"And why not?"

"Which of you is right? Is the Terran combine more righteous than the Martian alliance?"

"Certainly."

"Why?"

Guy asked for a moment to think. The room was silent for a moment and then he said, slowly and painfully: "I can think of no other reason than the trite and no-answer reason: 'We're right because we're right!' The Martian combine fights us to gain the land and the commerce that we have taken because of superiority in space."

"A superiority given merely because of sheer size," said Baranon. "The Martians, raised under a gravity of less than one third of Terra's find it difficult to keep pace with the Terrans, who can live under three times as much acceleration. Battle under such conditions is unfair, and the fact that the Martians have been able to survive indicates that their code is not entirely wrong."
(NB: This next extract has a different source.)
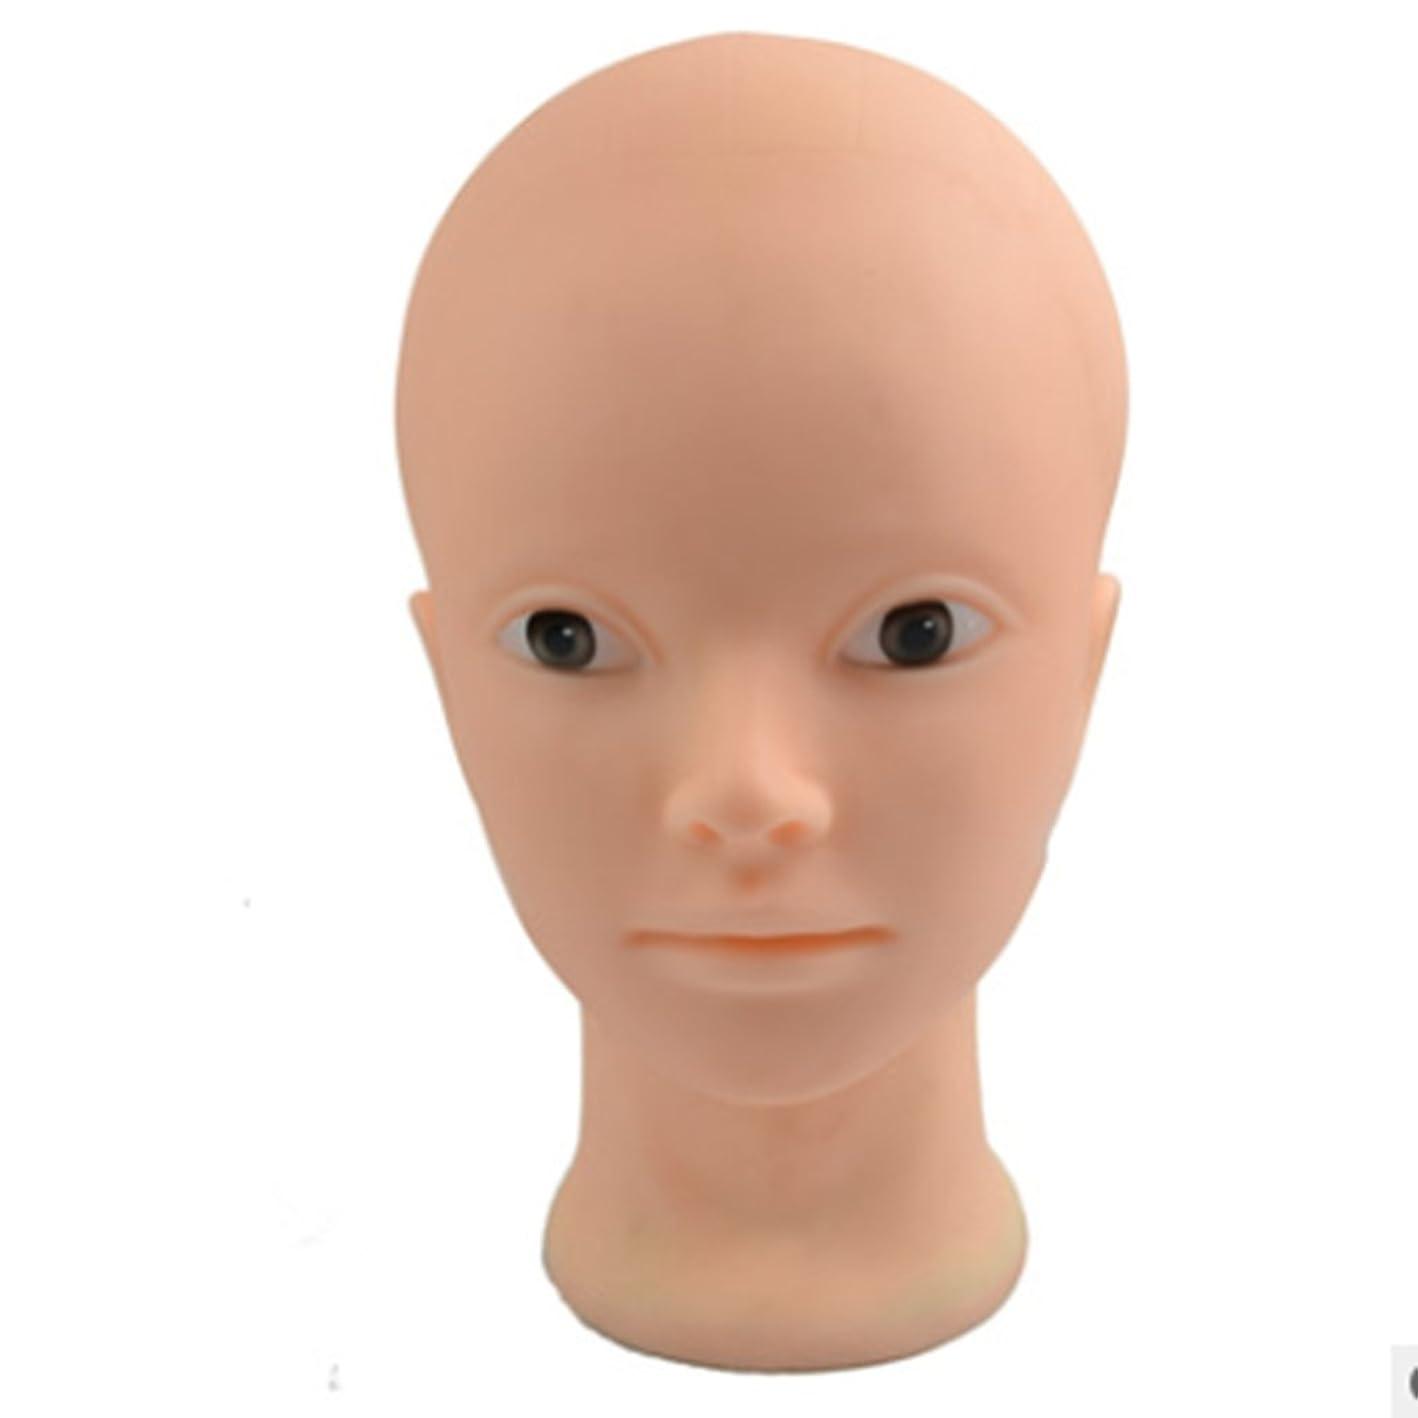 サイクル謎めいた没頭する25センチウィッグヘッド金型、ポリ塩化ビニールのプラスチック製の人形の鍼療法の練習はげとメガネスカーフモデルウィッグヘッド モデリングツール (色 : ホワイト)
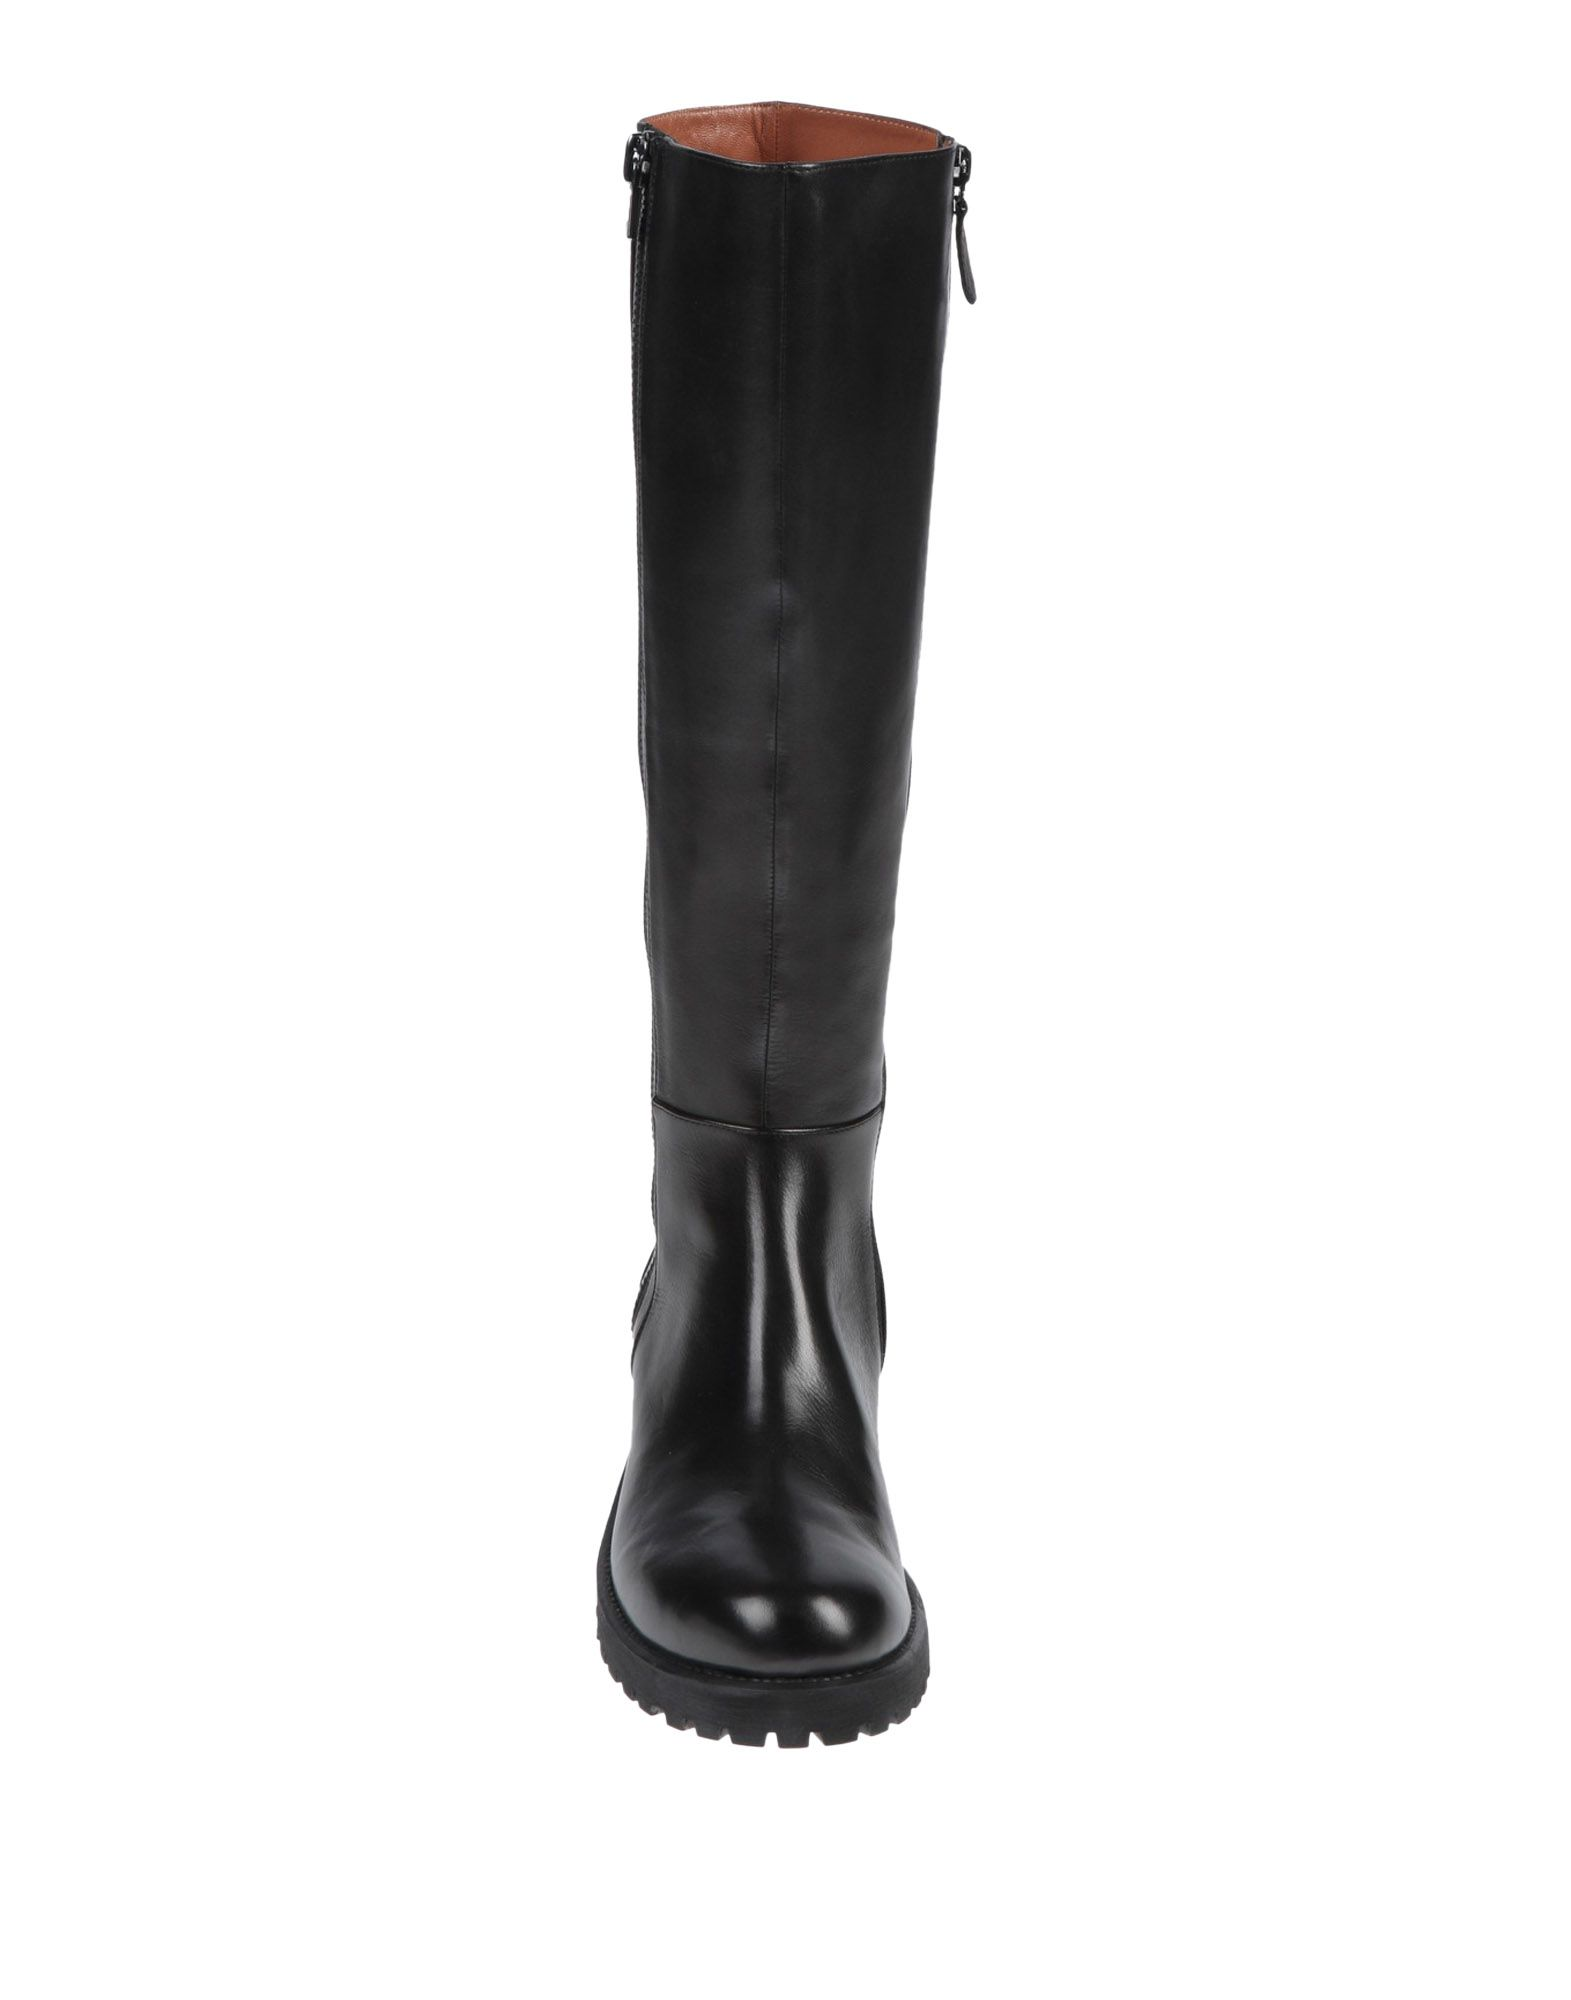 Rabatt Schuhe Emporio Emporio Schuhe Armani Stiefel Damen  11523590IL 422a84

Charalas nodded. "Any code that is entirely in error will not be able to survive."

"So," said Terokar, "you ask us to join your belligerent system. You ask us to emerge from our pleasure and join you in a struggle for existence. You ask that we give up the peace that has survived for a thousand years, and in doing so you ask that we come willingly and permit our cities to be war-scarred and our men killed. You ask that we join in battle against a smaller, less adapted race that still is able to survive in spite of its ill-adaption to the rigors of space."

Guy was silent.

"Is that the way of life? Must we fight for our life? Strife is deplorable, Guy Maynard, and I am saying that to you, who come of a planet steeped in strife. You wear a uniform—or did—that is dedicated to the job of doing a better job of fighting than the enemy. Continual warlike activity has no place on Ertene.